I can't say that my posting here has fallen off in any way because I've cross-posted the stuff I've written here and at the Duck. But the rest of it - posting other guests' posts, patrolling the comments for trolls (the curse of popularity) and defending my own opinions against, how to put it?
Oh, wingnut asshats will suffice.
Anyway, it's kept me pretty busy. For some reason I still have the mental wherewithal to post lovely, brutal comments on the Duck, but not to sit down and compose thoughtful posts on my own, which I dearly would like to do. I think a few days rest and consideration will put me back in that frame of mind. I do appreciate your indulgence in the meantime.
But following up on the Katrina controversy, here's the comment I just posted to the Duck. It was in response to a post claiming that the White House is, and I'm shocked, SHOCKED to hear this, trying to keep the press out of the devastated region:
Okay, let me start this comment by saying that I didn't put up the post, so all you wingnuts who've been slagging me the last two weeks? Ummm...bite me, okay?
Now that I've gotten that out of the way.
First, for all the laziness and collusion and negligence of the American press in recent years - well, I'm not gonna take all that criticism back, but god bless the press. They've recaptured their critical faculties and their outrage, and if it weren't for their coverage, who knows what we would actually be learning about the disaster in the Gulf?
The one here in the States, I mean.
What Josh Marshall (the post Richard linked to) reports here doesn't surprise me in the least, unfortunately. And here are a few more examples.
One of the reasons that the Federal Government was so slow to authorize additional National Guard troops was because they wanted to Federalize the entire disaster control/relief effort, and the Governor refused to cede her authority. The locals had some very real fears that if this had happened, the White House would use the opportunity to cover up and blame the local governments for everything that went wrong. This was reported in that wild, lefty journal the Washington Post.
I'm not saying that local governments are blameless here. A disaster plan in a city of poor people that did not adequately plan for getting said poor people to safely is obviously flawed. This still doesn't in any way explain or excuse the delays, incompetence, disorganization and downright criminal negligance of the Federal response.
And right now, the White House is trying to spread outright lies about who did what when. They are saying that the Governor of Louisiana didn't declare a State of Emergency as of Saturday August 27. This is simply not true.
Here is a good timeline about who did what when.
So am I surprised that they would try to hide the truth of what happened in the Gulf? Not one little bit. If the American people were to realize the depths of venal incompetence of their leadership, their moral and ideological bankruptcy, and what the logical consequences of their "leadership" are, thousands of wasted lives, old people, sick people, poor people,dying while Bush played golf and air guitar, why, who knows what might happen? They might start wondering if the leadership that claims to represent their moral values actually gives a shit whether they live or die, and if they live, what the quality of their lives might be.
I'm not generally a conspiracist (and I'm waiting for the howls of outrage from our wingnut contingent for that statement).

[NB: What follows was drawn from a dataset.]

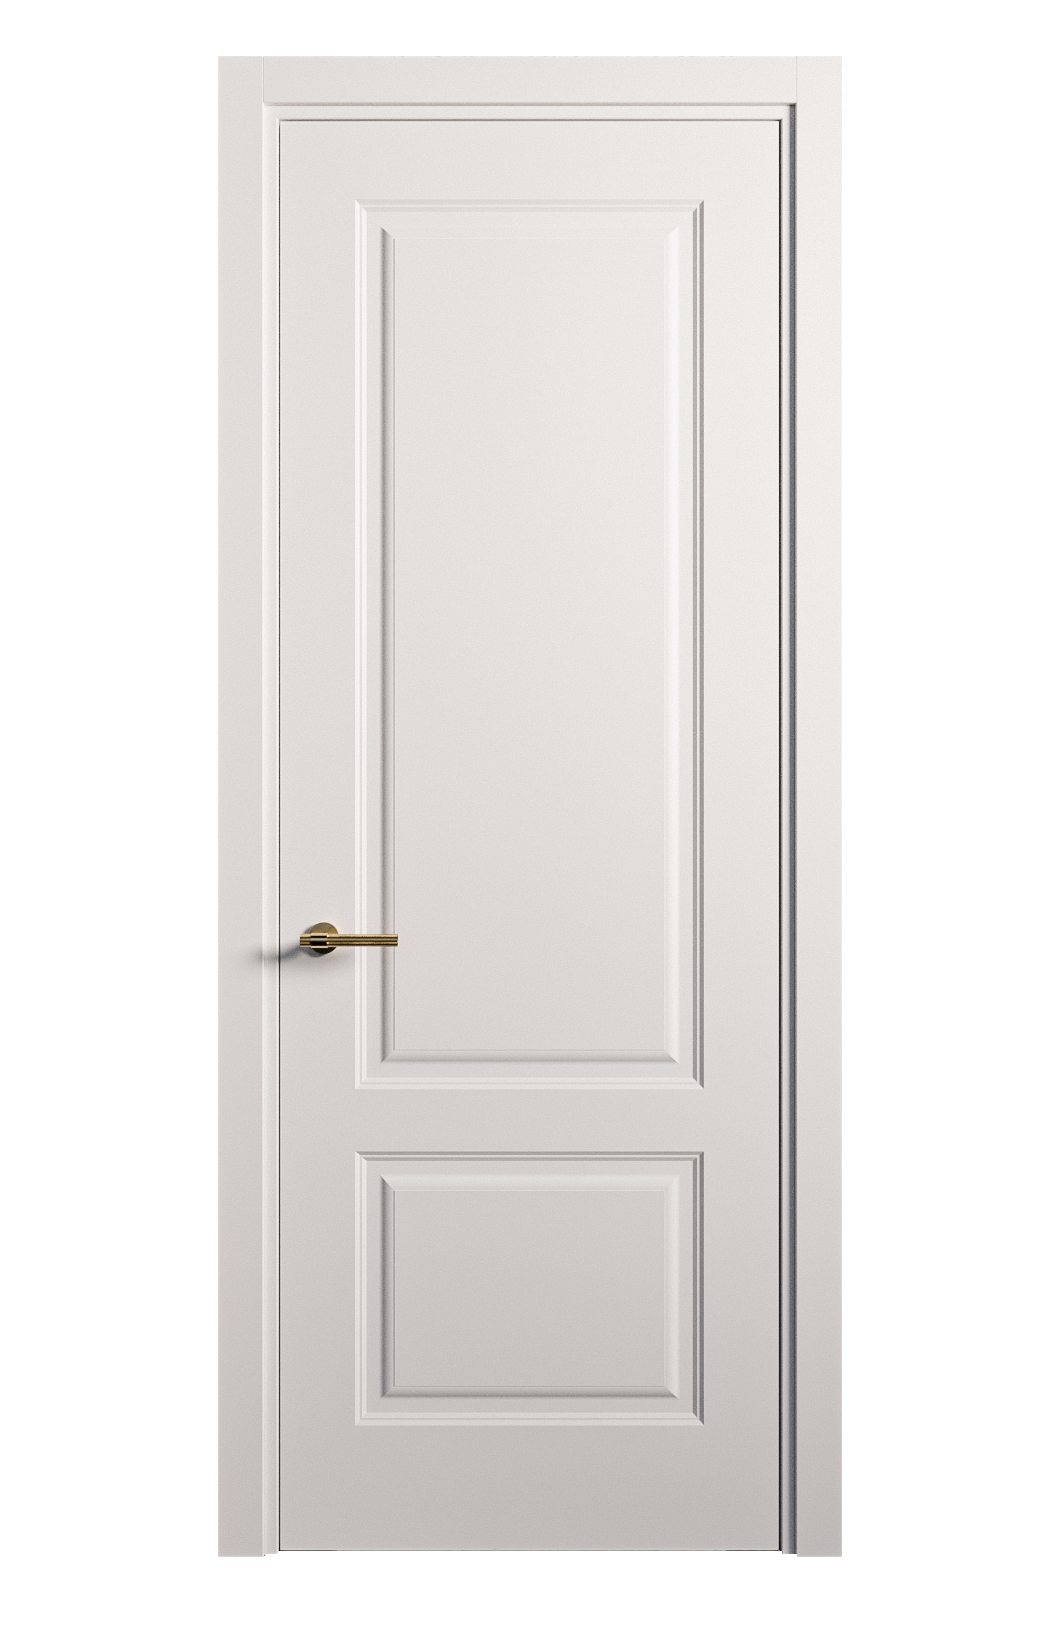 Межкомнатная дверь Вита-1 глухая эмаль ral 9003 26256

But I've been compulsively watching this disaster unfold. And I can tell you - there are thousands of bodies in the rubble, ruins and sewage of the Gulf Coast. 10,000 is pretty plausible. And if we start getting reports that, oh, not so many folks actually died, it wasn't so bad, FEMA didn't turn away help, your government didn't fail you, really, we didn't...
Well, I'm getting out the tinfoil hat.
Actually, let me rephrase that. Those of you who still don't want to believe it? I'm donating my tinfoil hat to you. You're going to need it.